WHAT THE TASK ASKS: Without the images, print every line of the material below exactly as given.

DATASET EXCERPT:
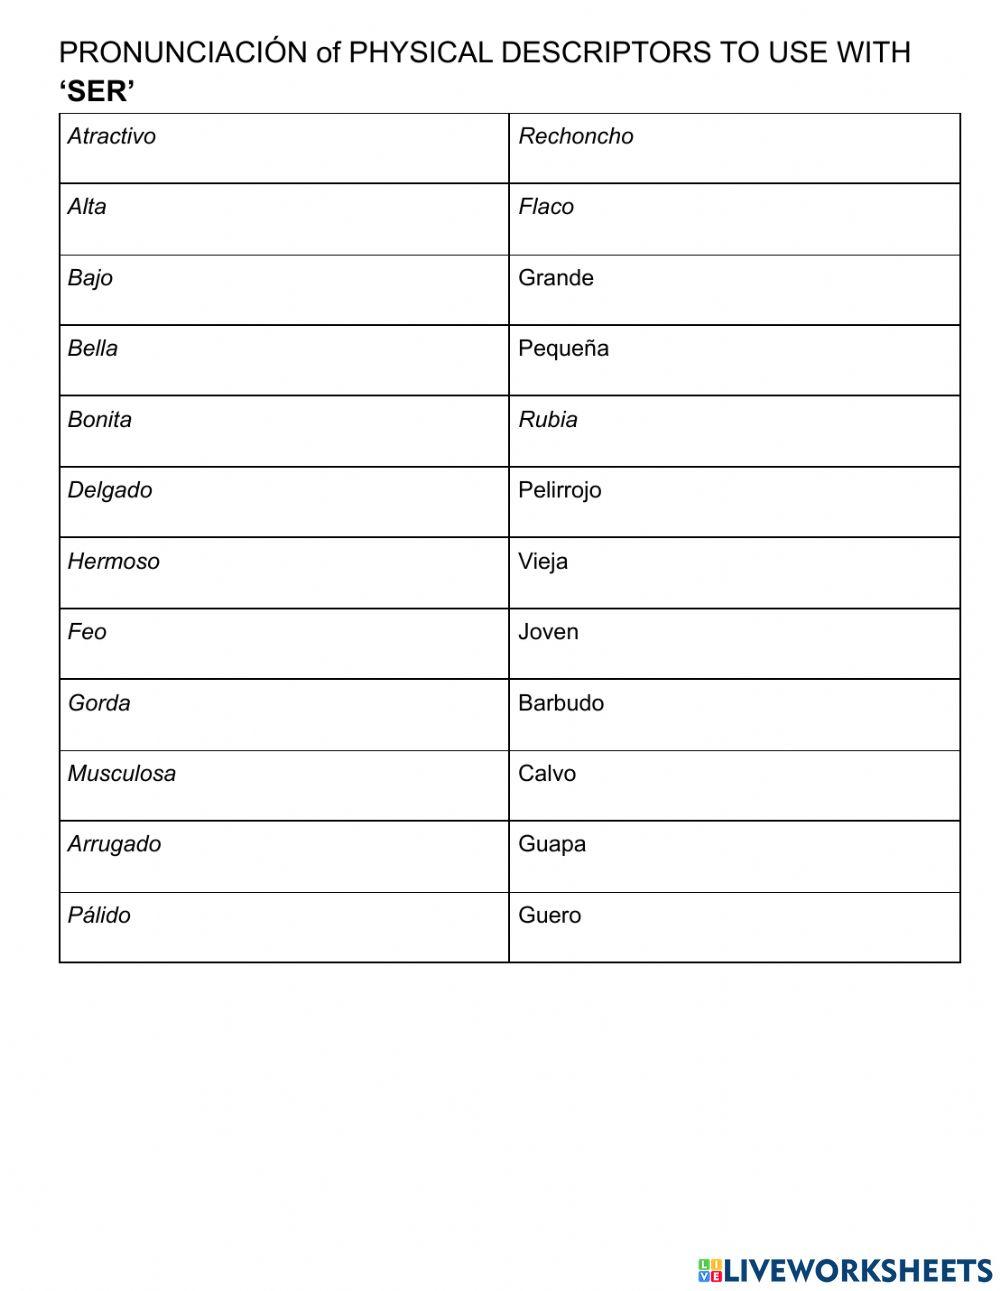 Pronunciation-descriptors with SER
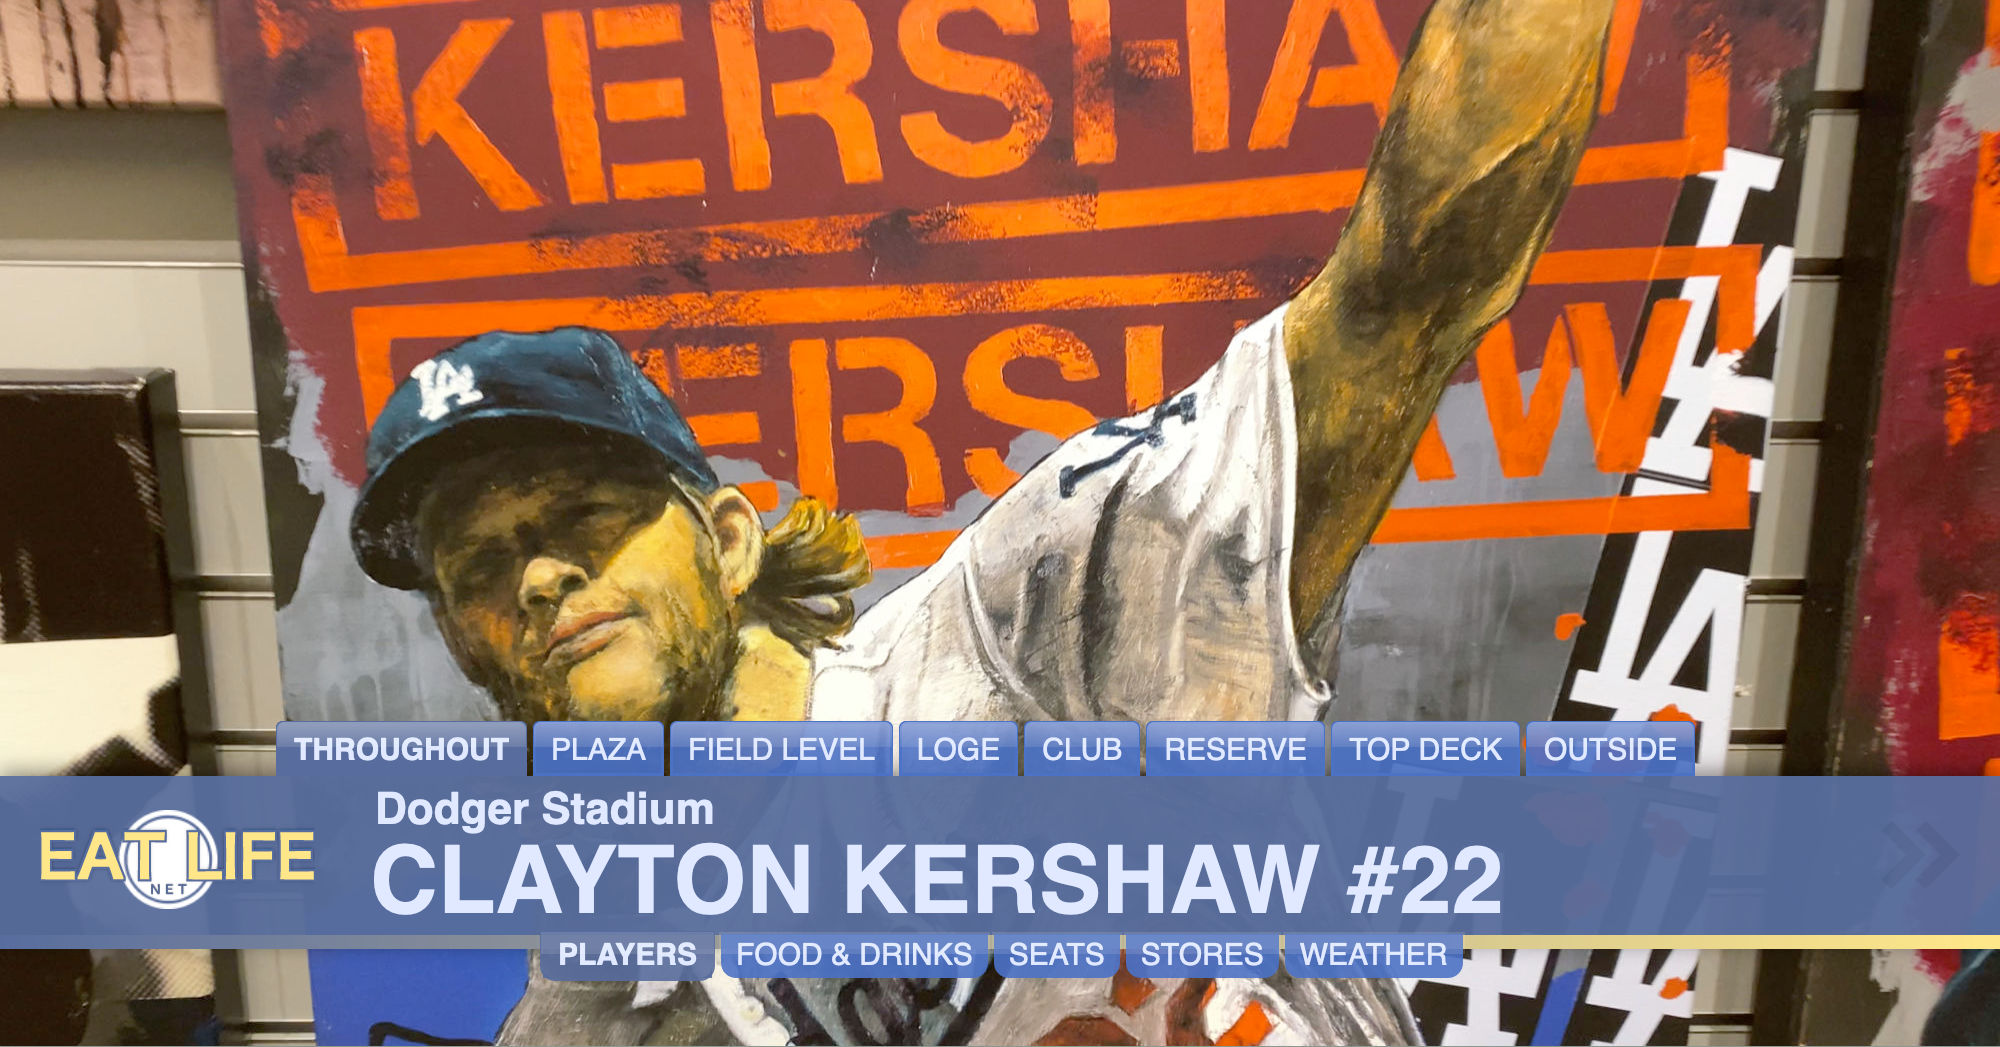 Clayton Kershaw #22
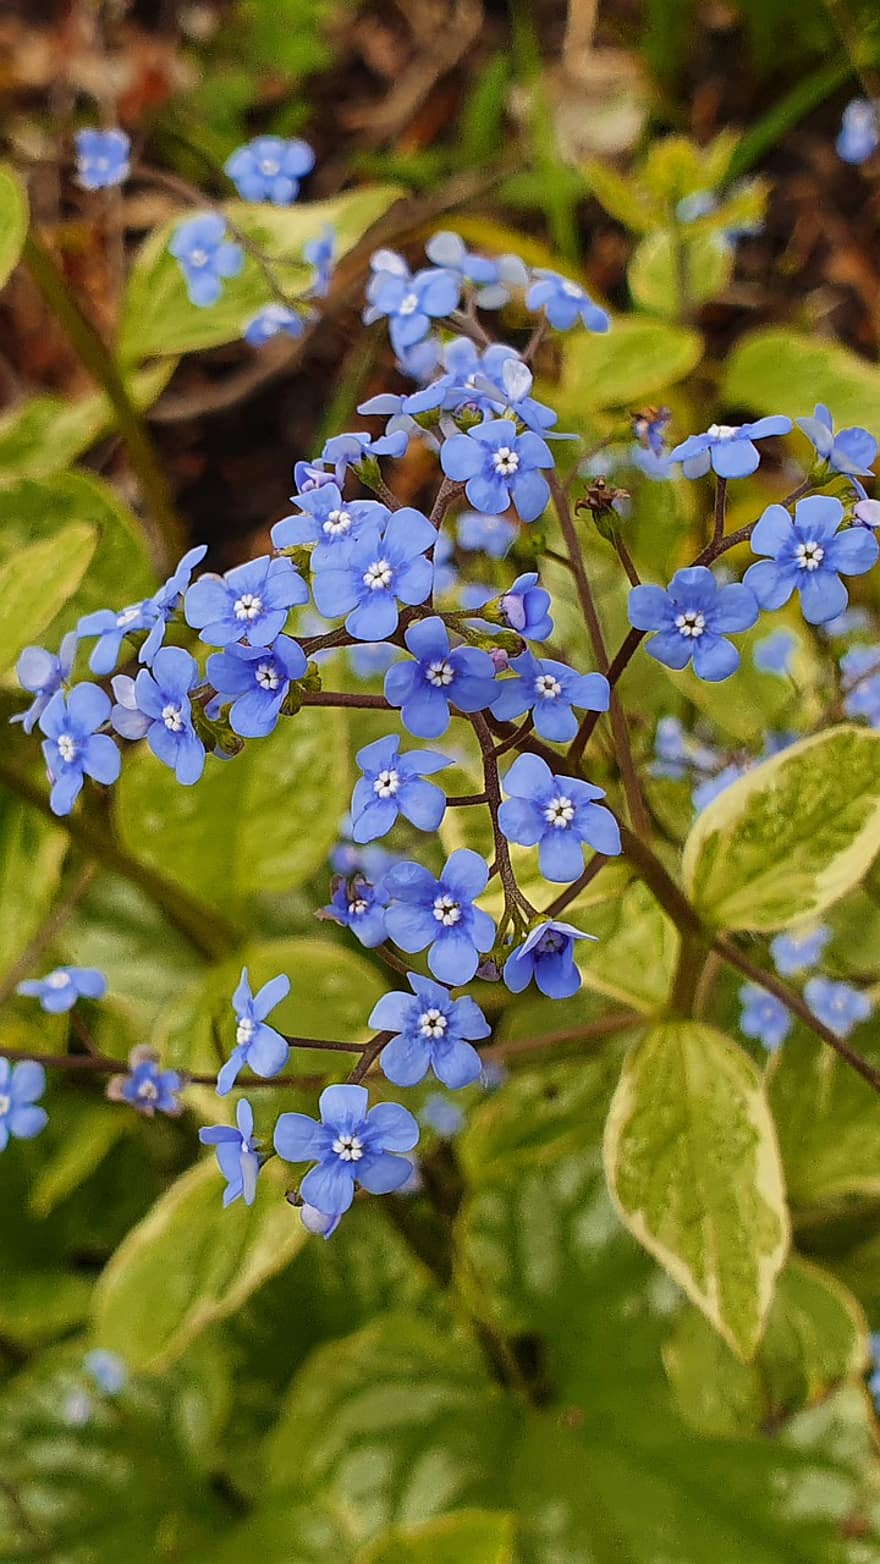 uită-mă poate, albastru, floare, grădină

YOUR SOLUTION:
 Pronunciation-descriptors with SER
 Clayton Kershaw #22
 uită-mă poate, albastru, floare, grădină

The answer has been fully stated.